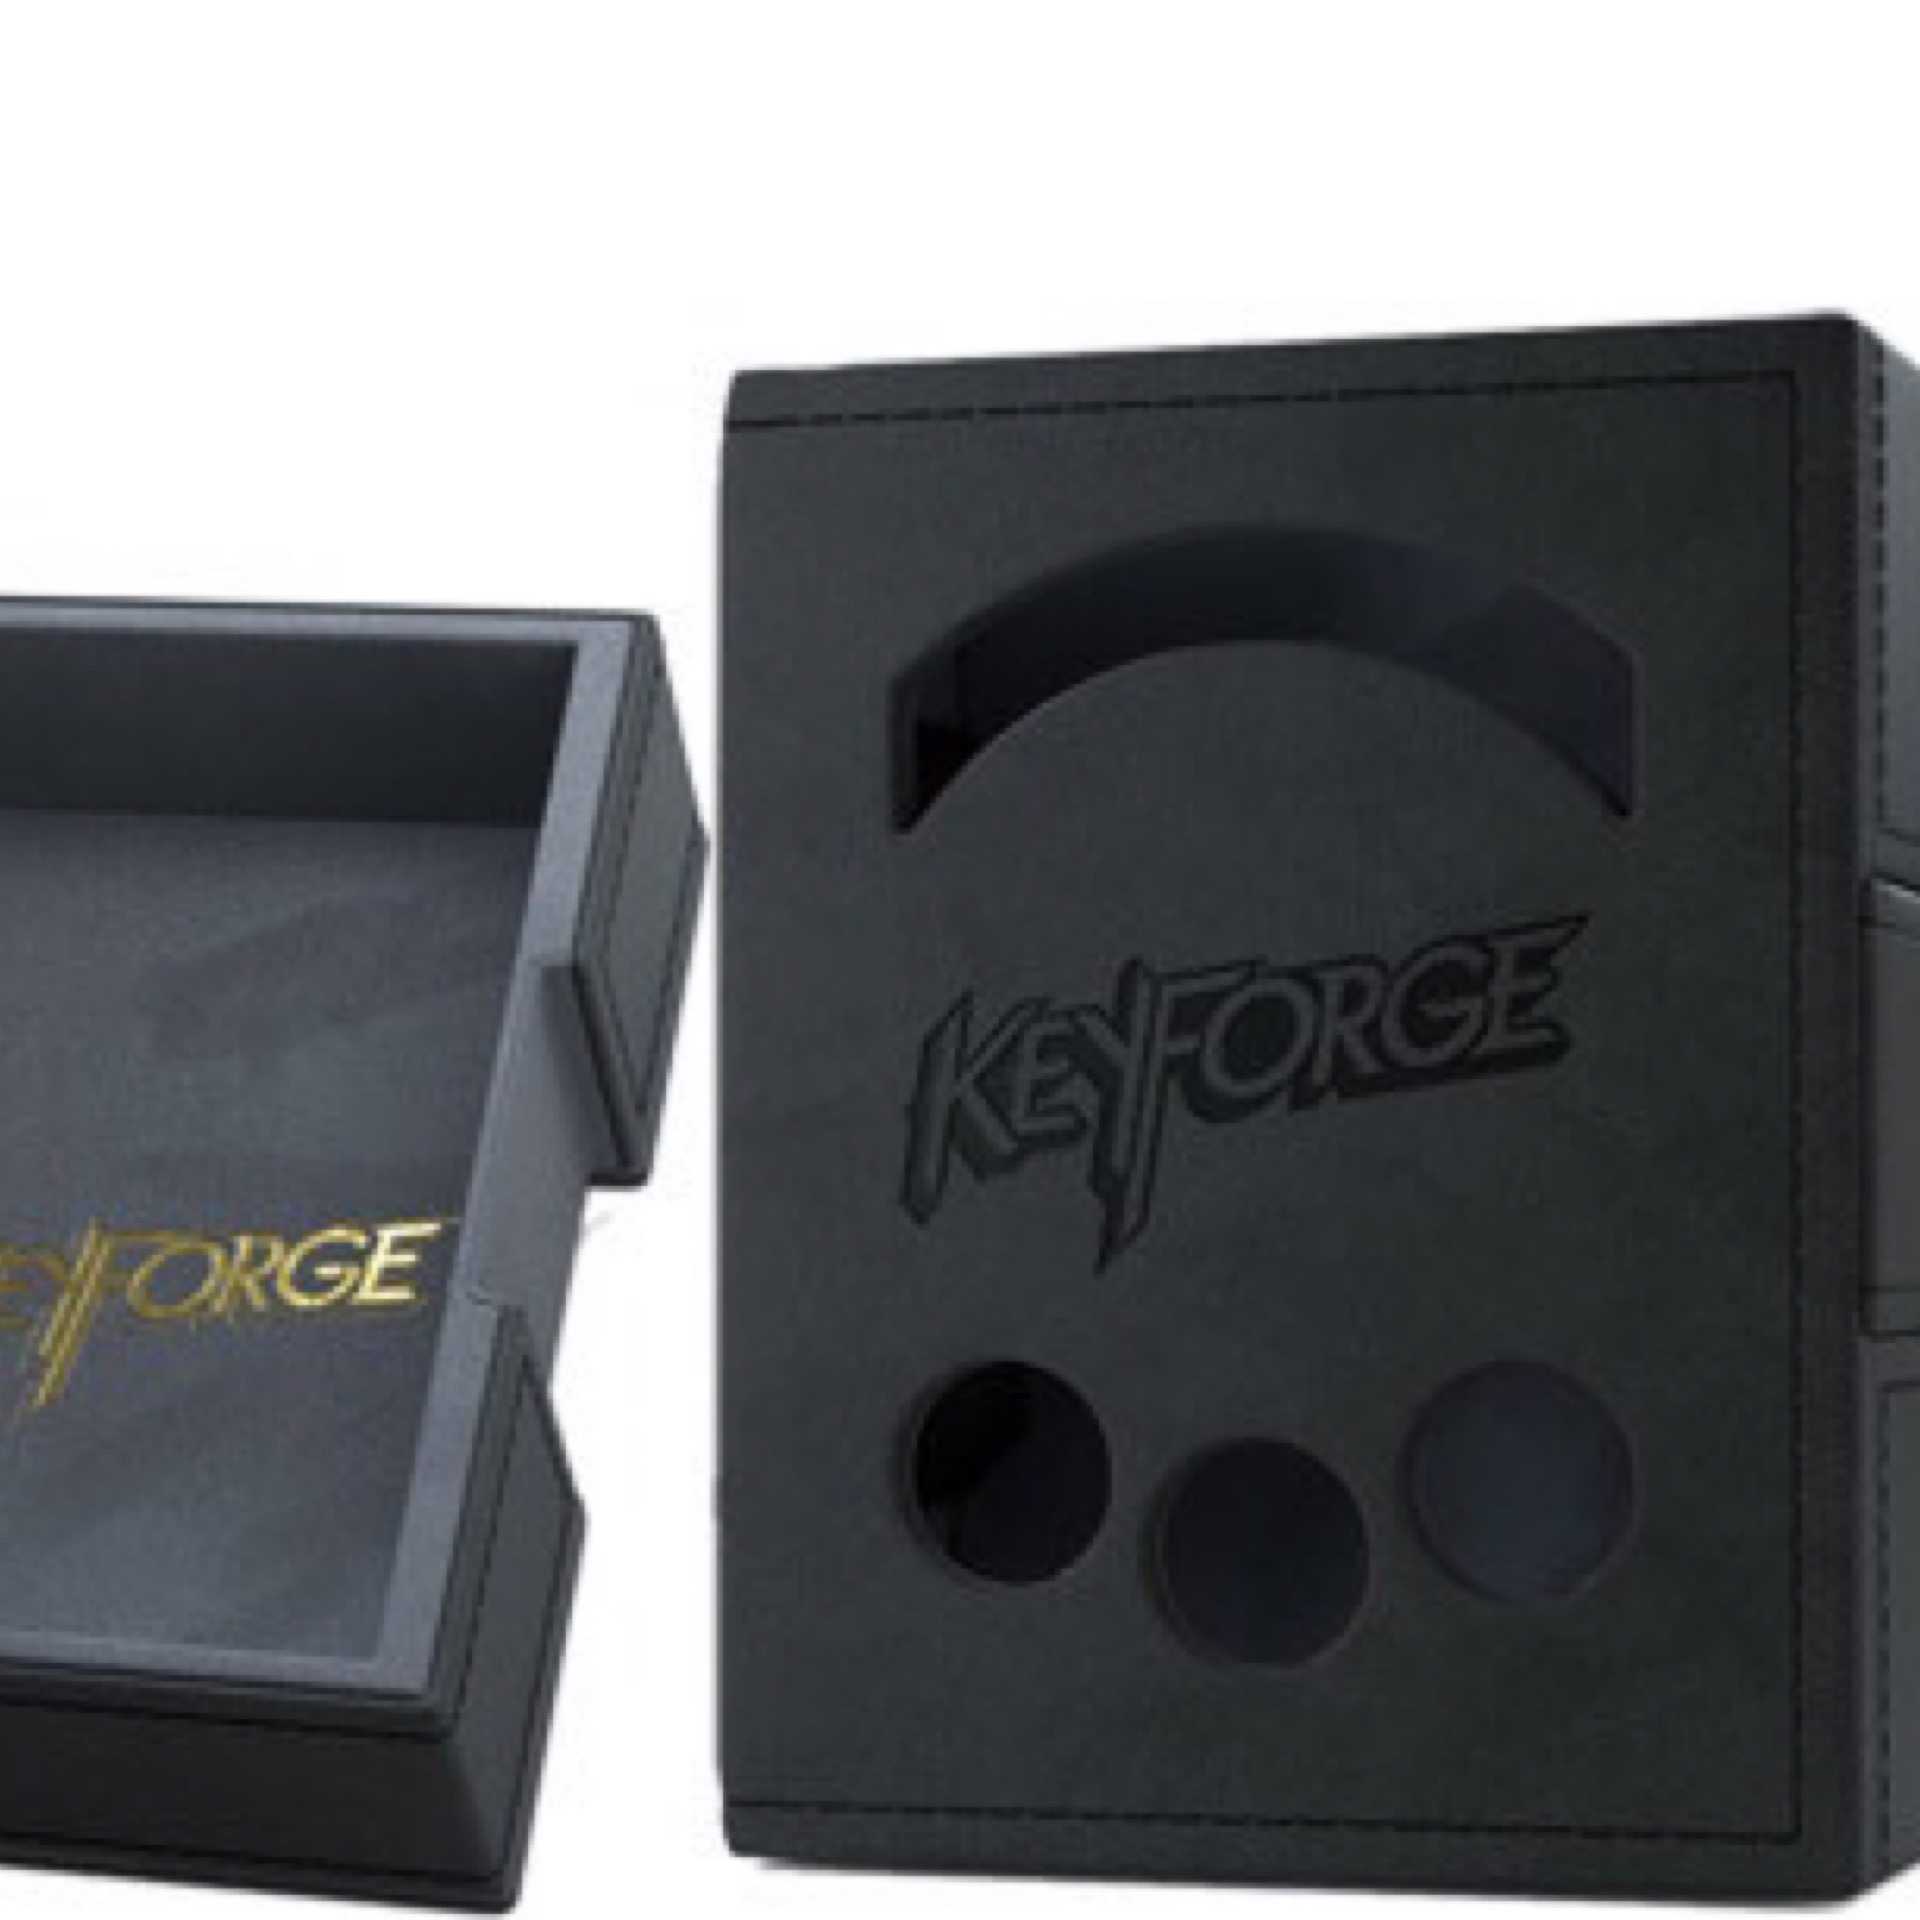 Durable Compact KeyForge Accessories Innovative Black Deck Book 
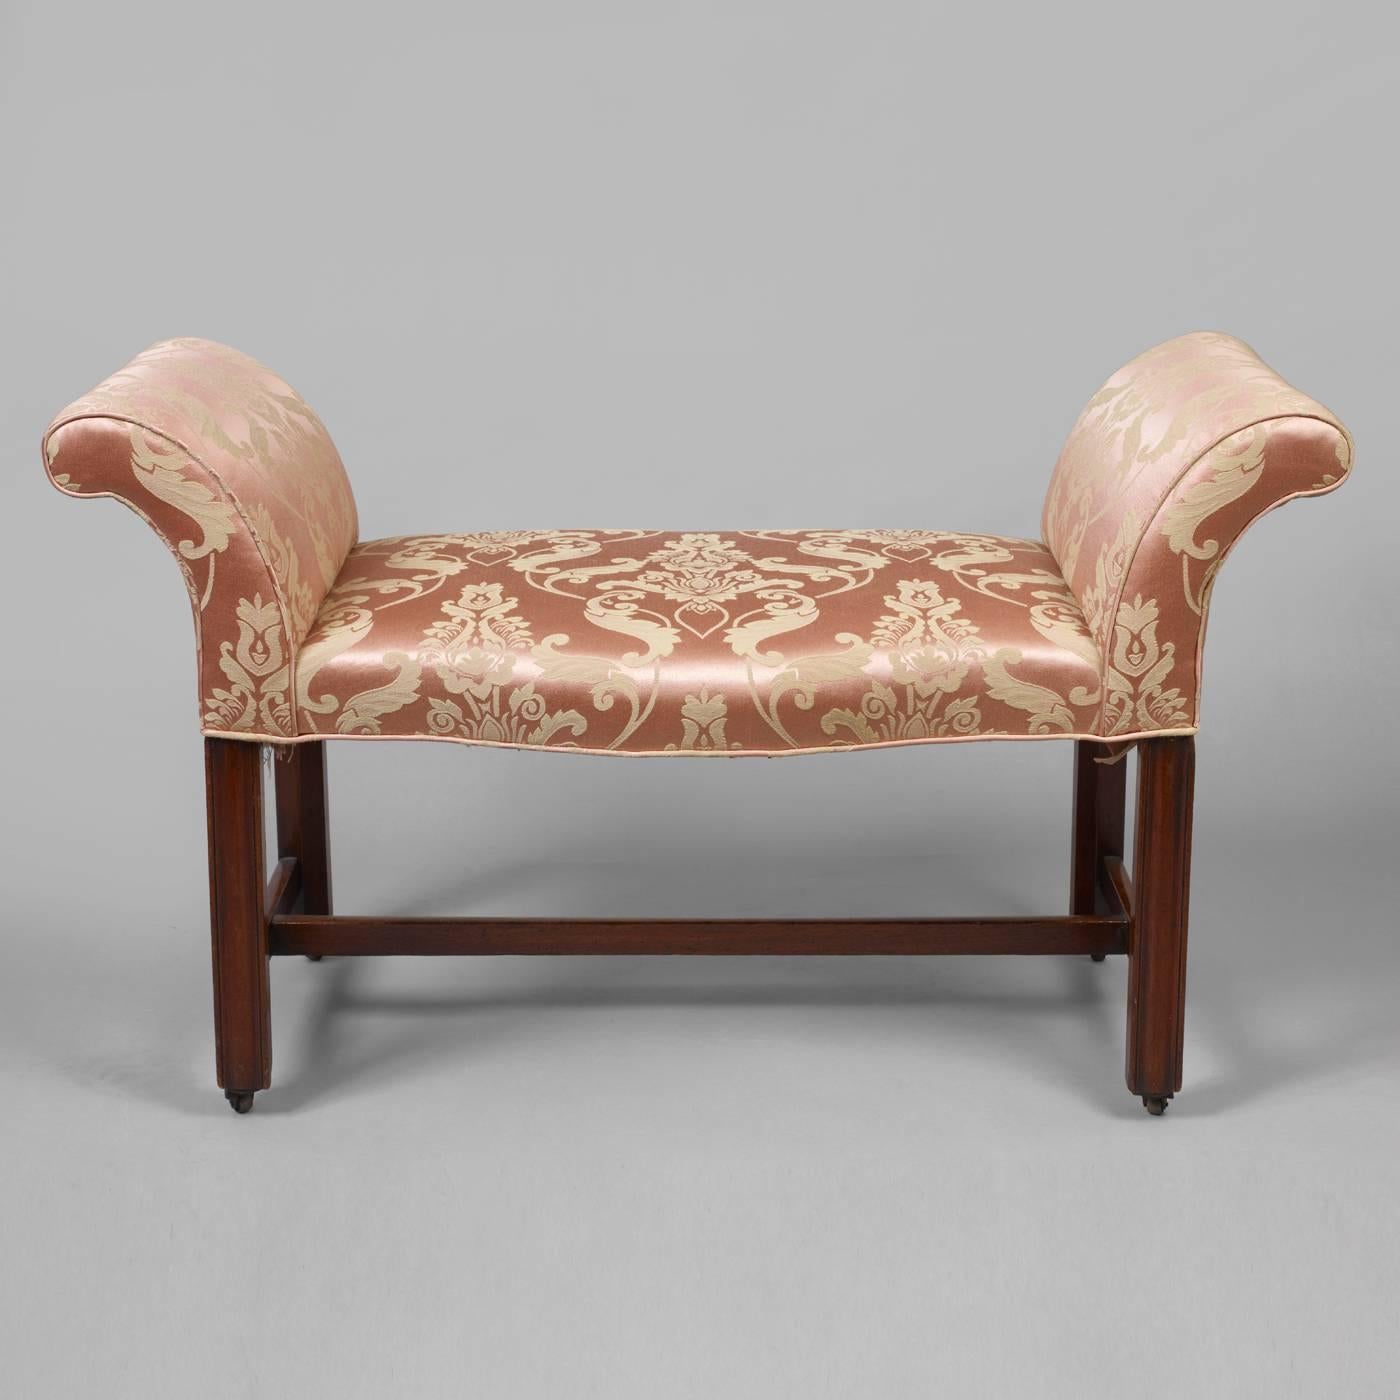 English, circa 1770-1790.
Mahogany, hardwood frame and supports.
The elegantly proportioned form having scrolled arms with a serpentine front is supported by finely carved molded legs with a stretcher base ending on casters.
Condition: Excellent
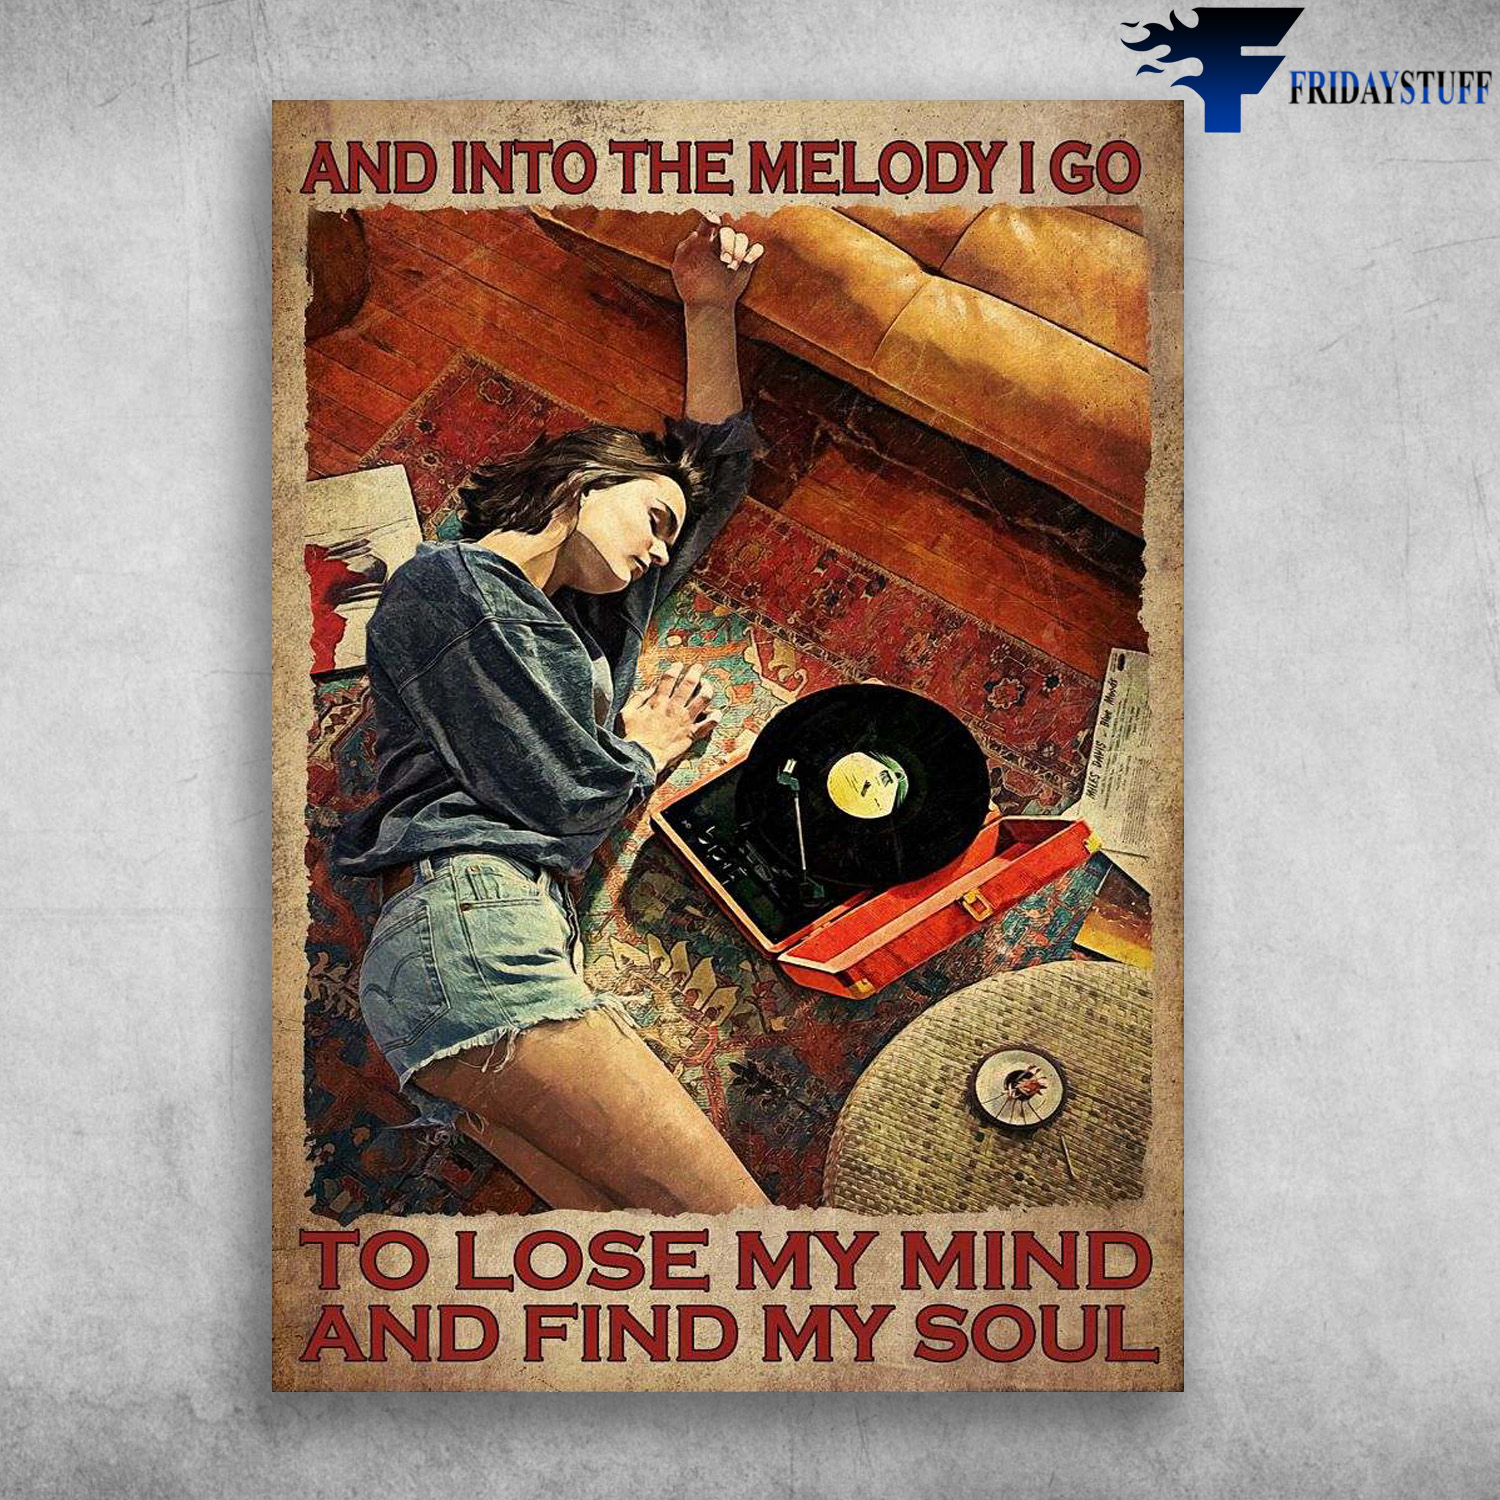 Vinyl Record Girl - And Into The Melody, I Go To Lose My Mind And Find My Soul

:: Aim of the task ::
Return, exactly as they appear, the lines from the line containing "The elegantly proportioned" through the end of the records above, both ends included, without pictures.

:: Answer to this exercise ::
The elegantly proportioned form having scrolled arms with a serpentine front is supported by finely carved molded legs with a stretcher base ending on casters.
Condition: Excellent
 Vinyl Record Girl - And Into The Melody, I Go To Lose My Mind And Find My Soul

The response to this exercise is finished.